**Work to complete**
Give all of the data again exactly as written, omitting every image.

[Opening Dataset content section]

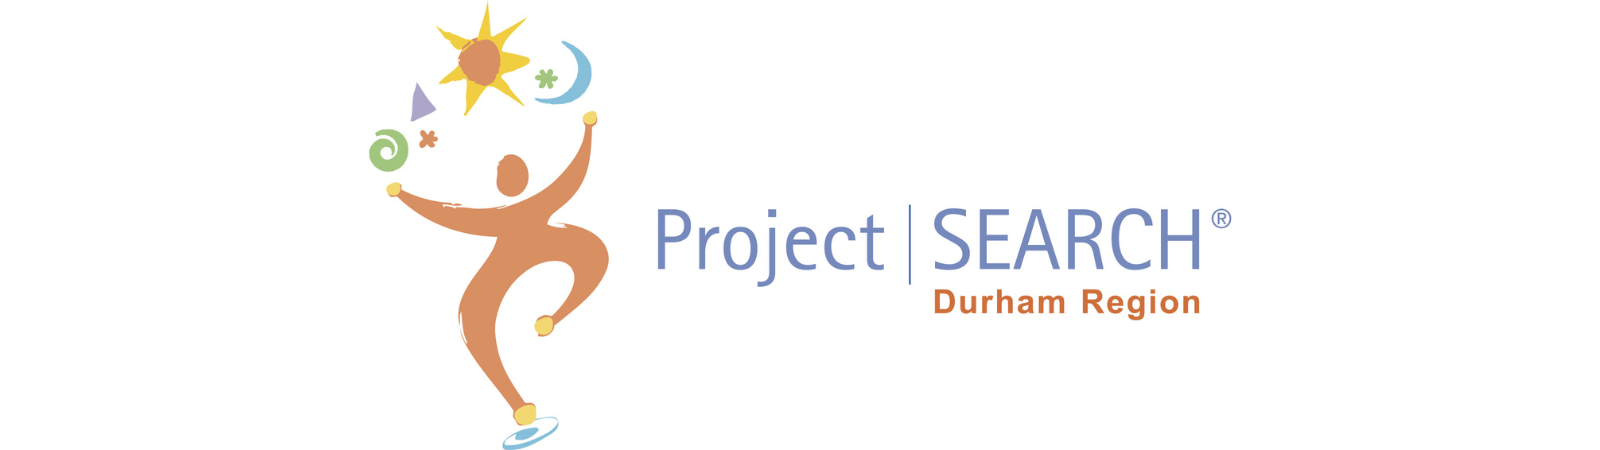 Project SEARCH Durham Region logo
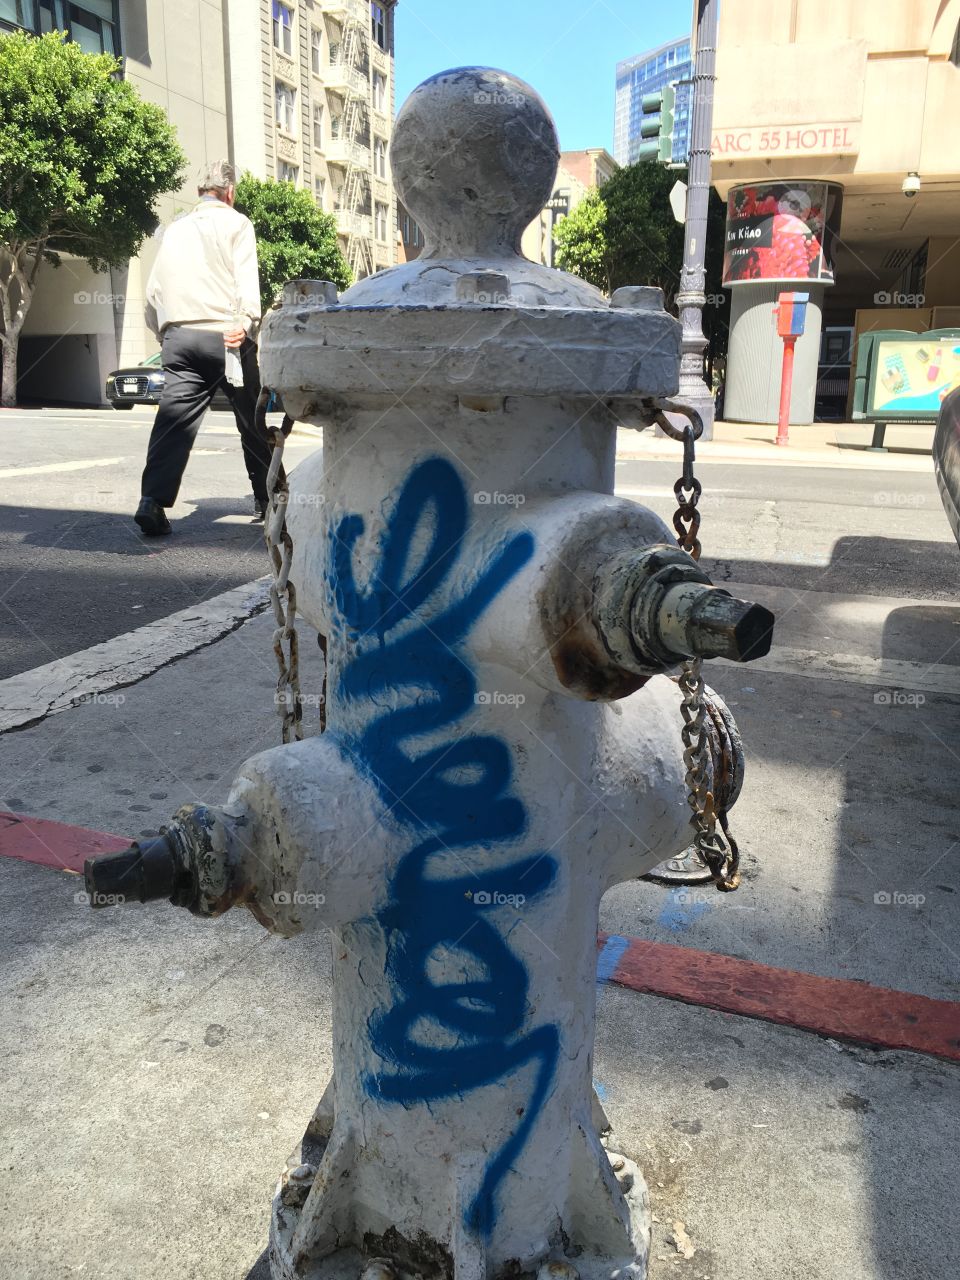 Urban graffiti on a fire hydrant in San Francisco. 
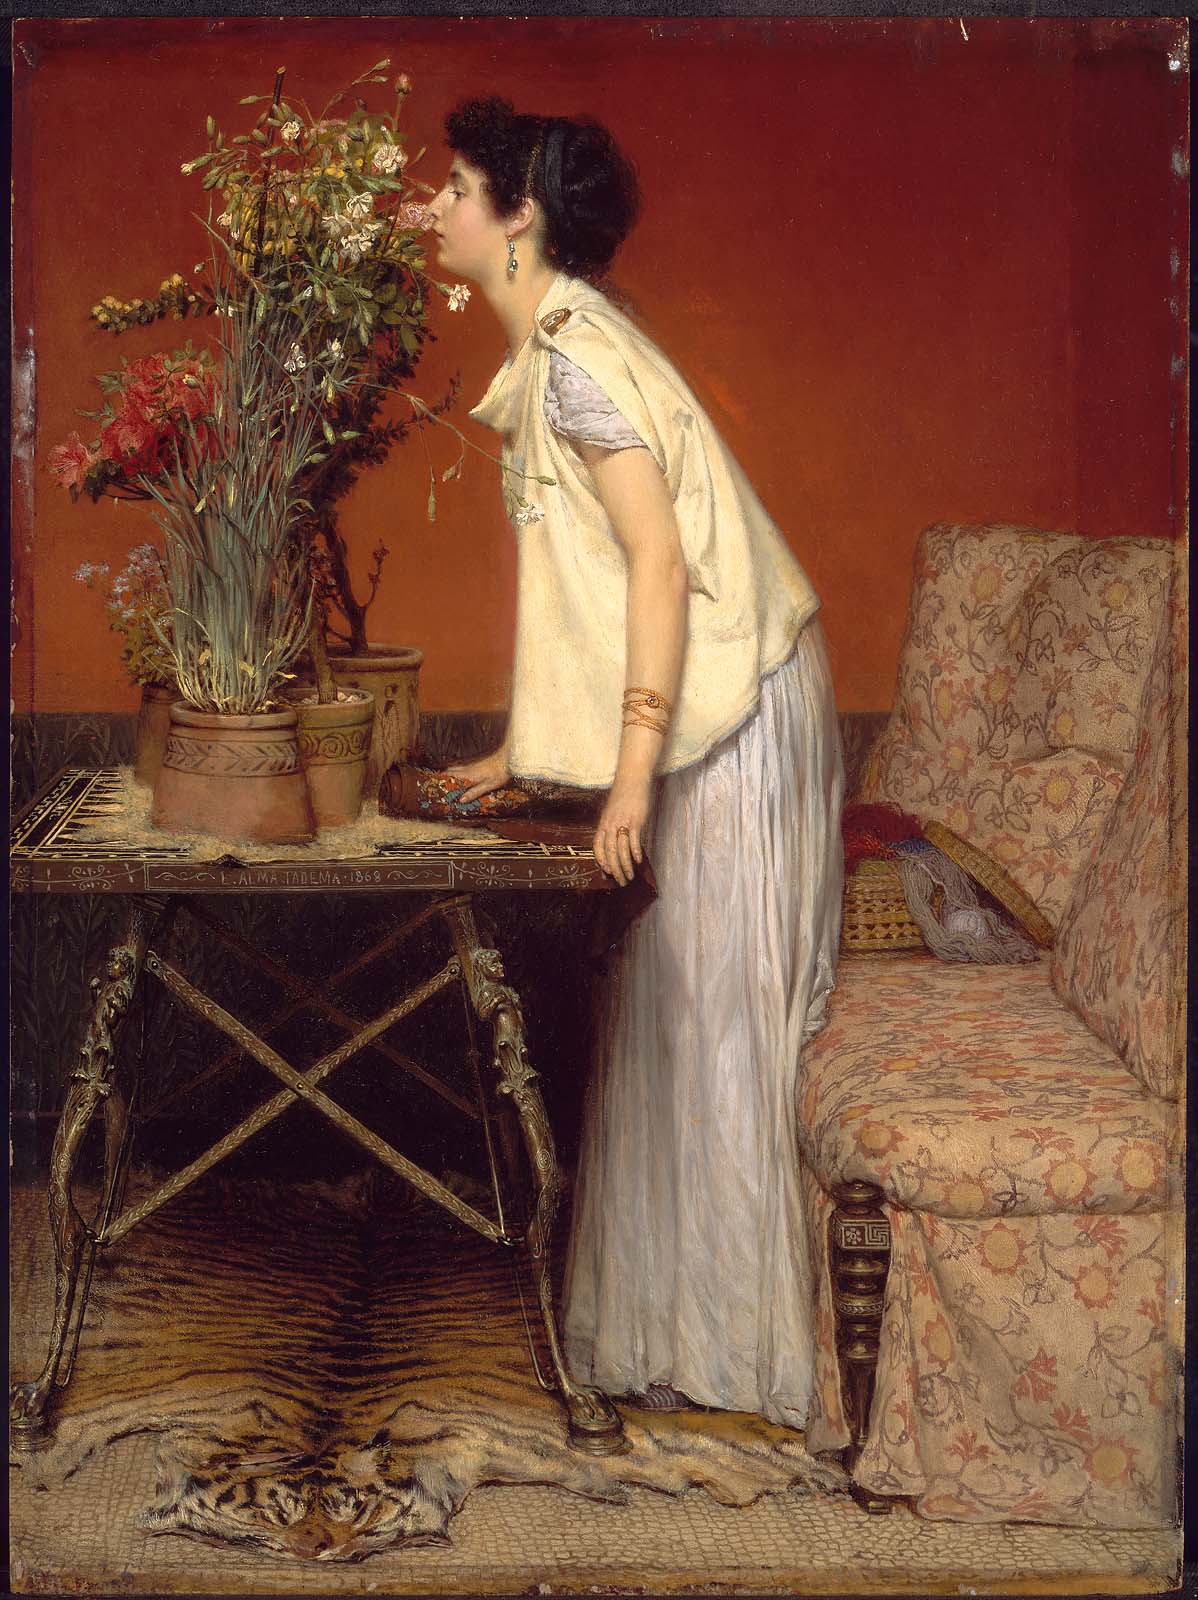 امرأة و زهور by Lawrence Alma-Tadema - 1868 - الأبعاد: 49.8x37.2سم 
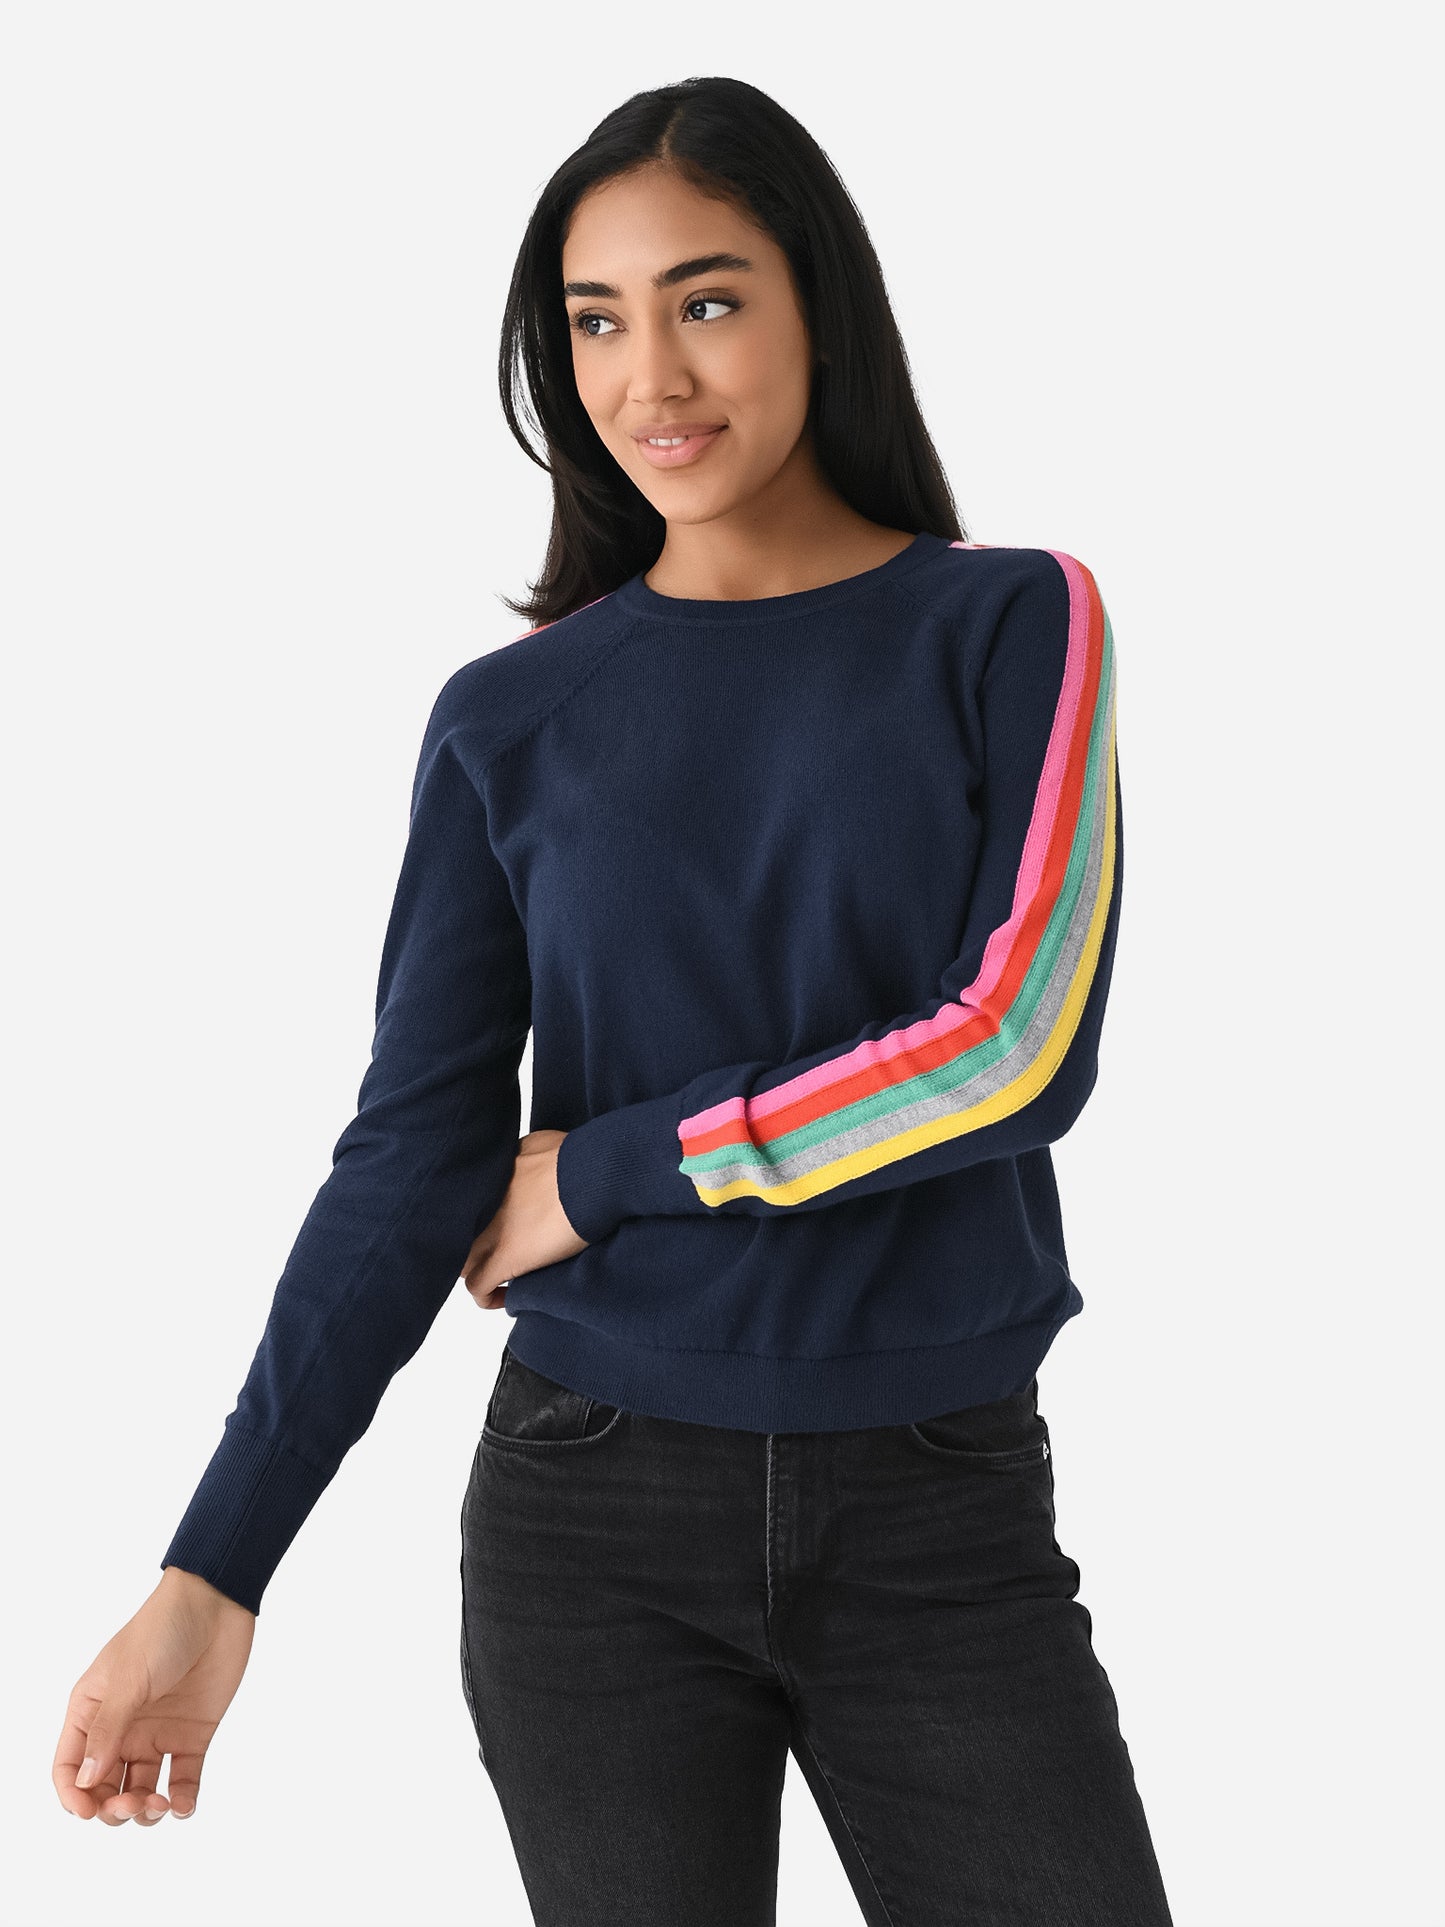 J Society Women's Stripe Sleeve Sweater

[Closing Dataset content section]

**Answer for this exercise**
 Project SEARCH Durham Region logo
 Urban graffiti on a fire hydrant in San Francisco. 
 امرأة و زهور by Lawrence Alma-Tadema - 1868 - الأبعاد: 49.8x37.2سم 
 J Society Women's Stripe Sleeve Sweater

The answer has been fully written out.